Martins lectures at Portuguese high schools about slavery and colonial violence. He says there's a clear resistance to talking about slavery, and the official history curriculum downplays the subject.

"The argument is that if you go back to this colonial past and this racist history, we are only hurting Portugal," Martins says. "But ignoring racism or colonial history is to accept the continuing violence of racism in our society."

This isn't a new debate for Portugal. Portuguese historians have often claimed the country exercised a "softer" colonial rule compared with its European neighbors. However, Portugal was one of the last European powers to decolonize in Africa in 1975 after colonies resisted for over a decade of bloody war.

Fernando Rosas, a retired Portuguese historian and former parliamentarian, says the difference today is a new generation of historians and researchers of African descent, like Martins, is changing the way Portugal talks about its past. That's why he thinks the Museum of Discoveries will need a different name.

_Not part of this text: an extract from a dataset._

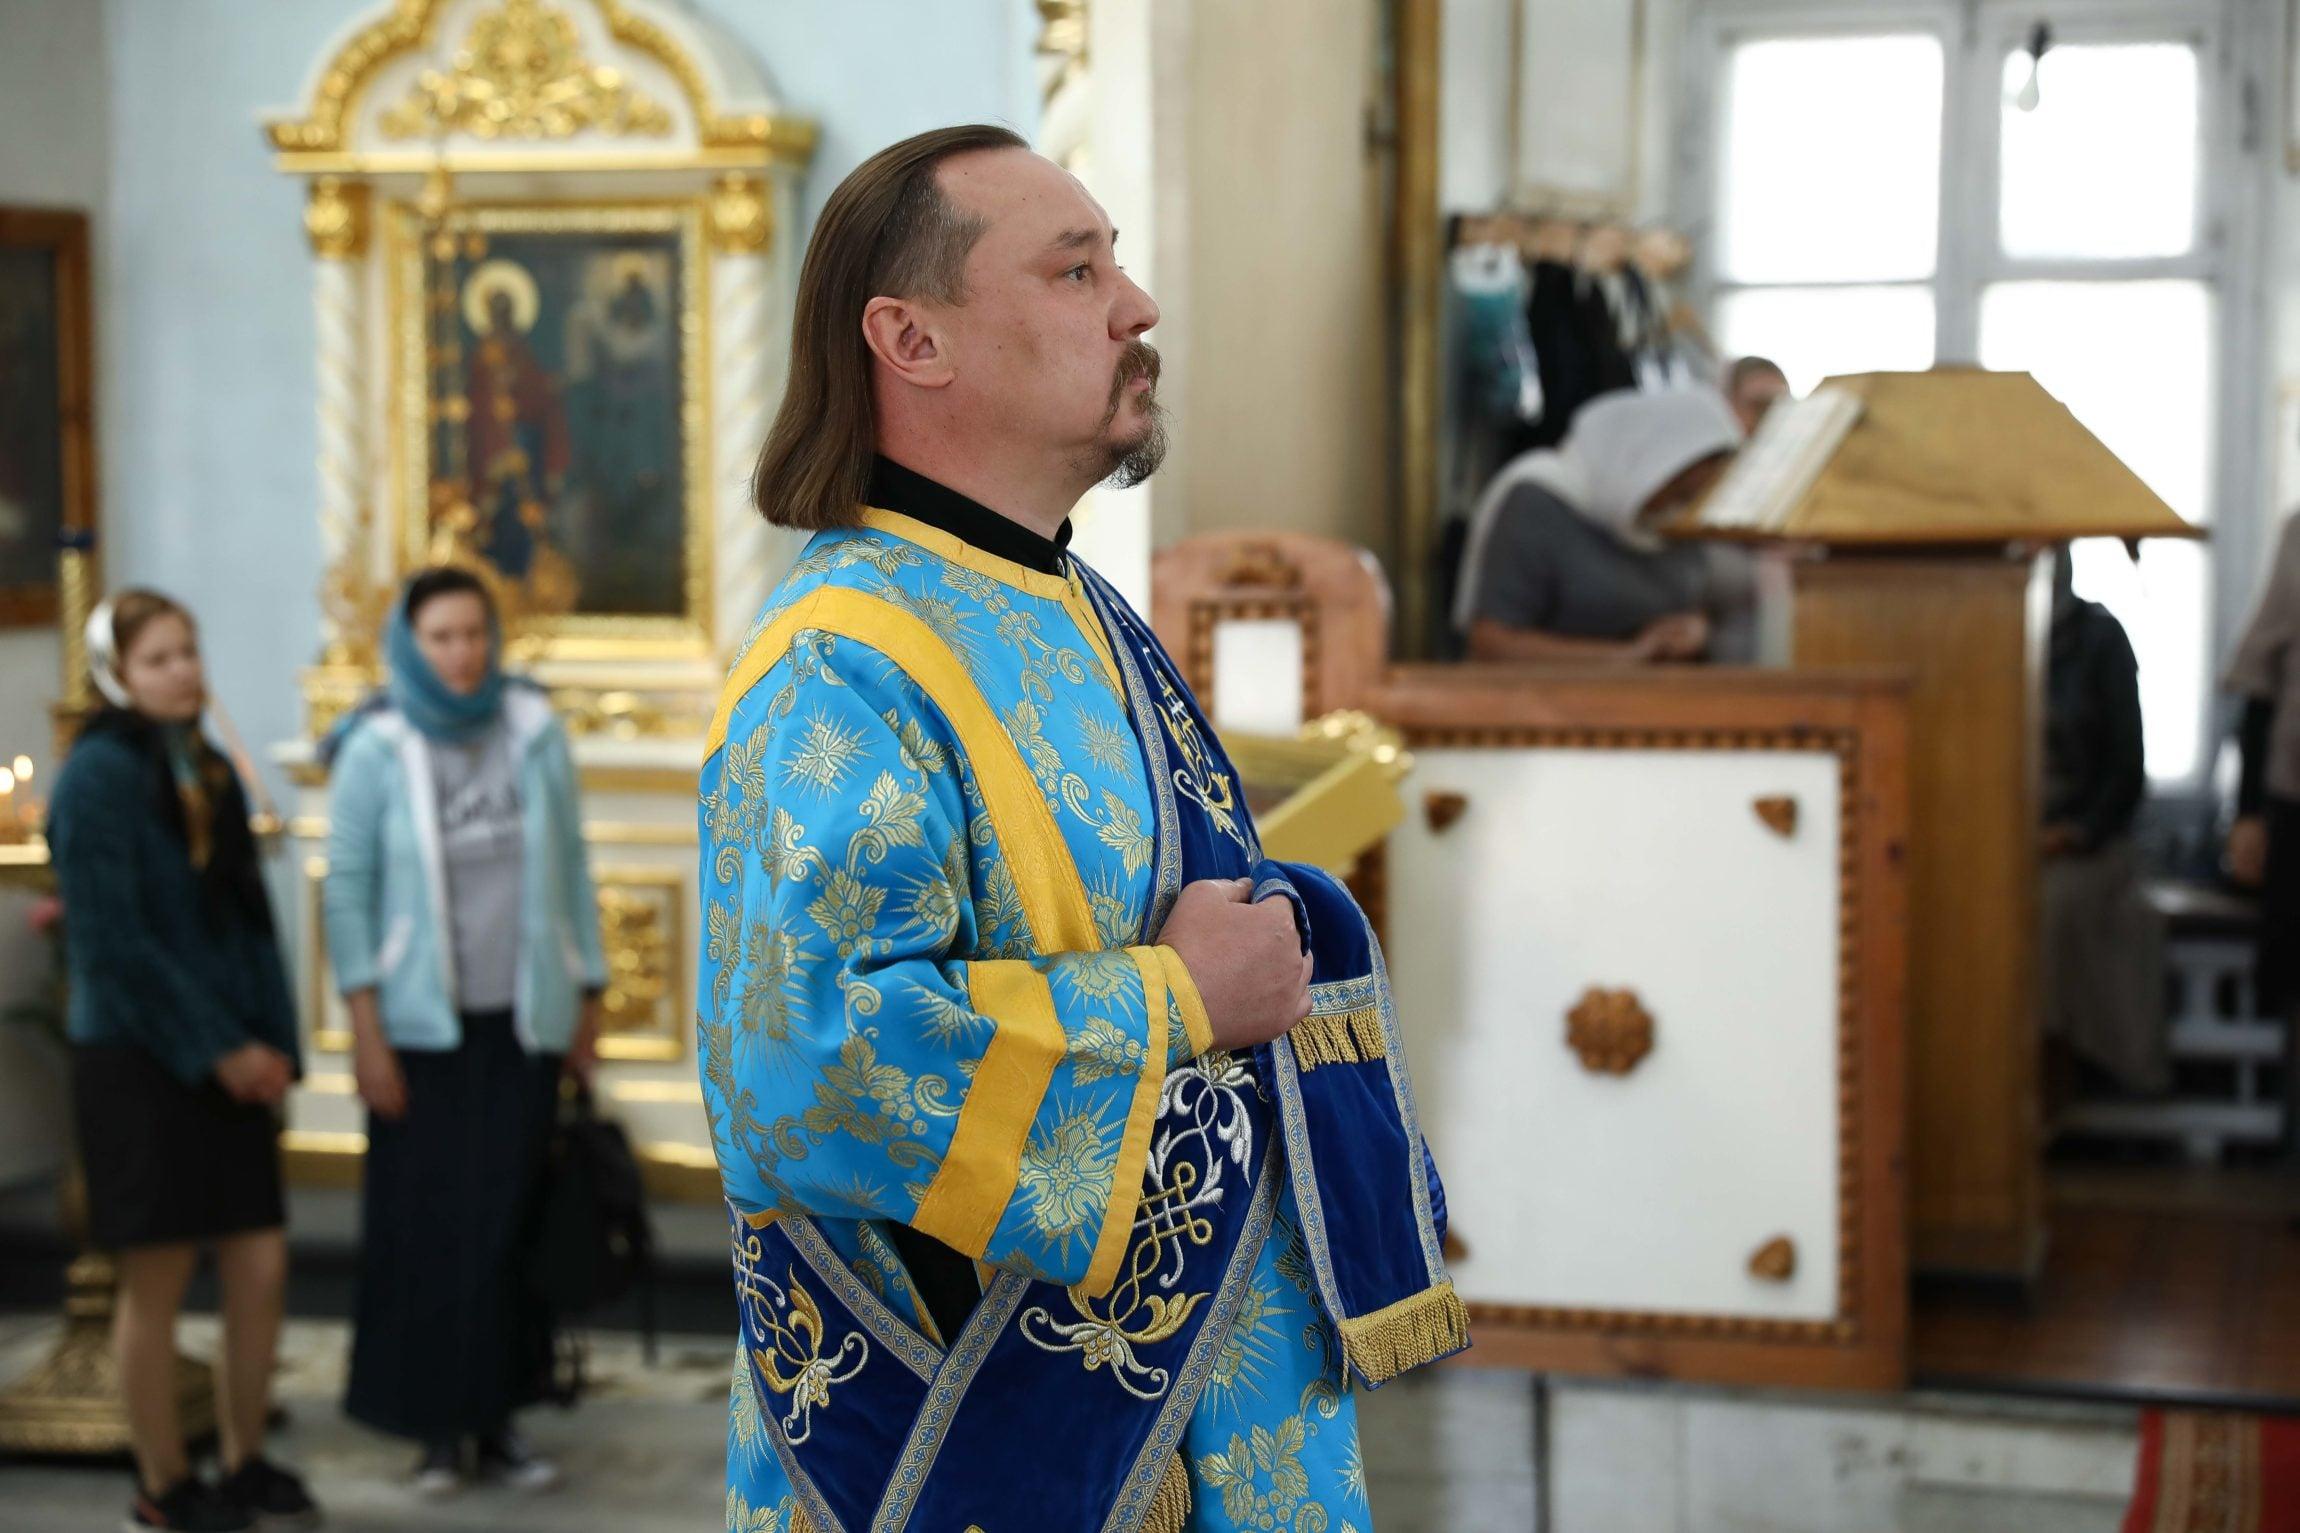 http://monuspen.ru/photoreports/300a33e78ae43bf112005df432bc34g1.jpg

"Museum of Discoveries... of course the Portuguese discovered the world," Rosas says laughing. "We didn't discover anything because people were there, and the people that were there also discovered the Portuguese. The right name is Museum of Colonialism because it is about that we are speaking."

Gomes Dias and her group are still looking for an Afro-descendant artist to design the slavery memorial. But when the monument is unveiled next year, Rosas says it will be a milestone in the fight between Portugal's past and its future.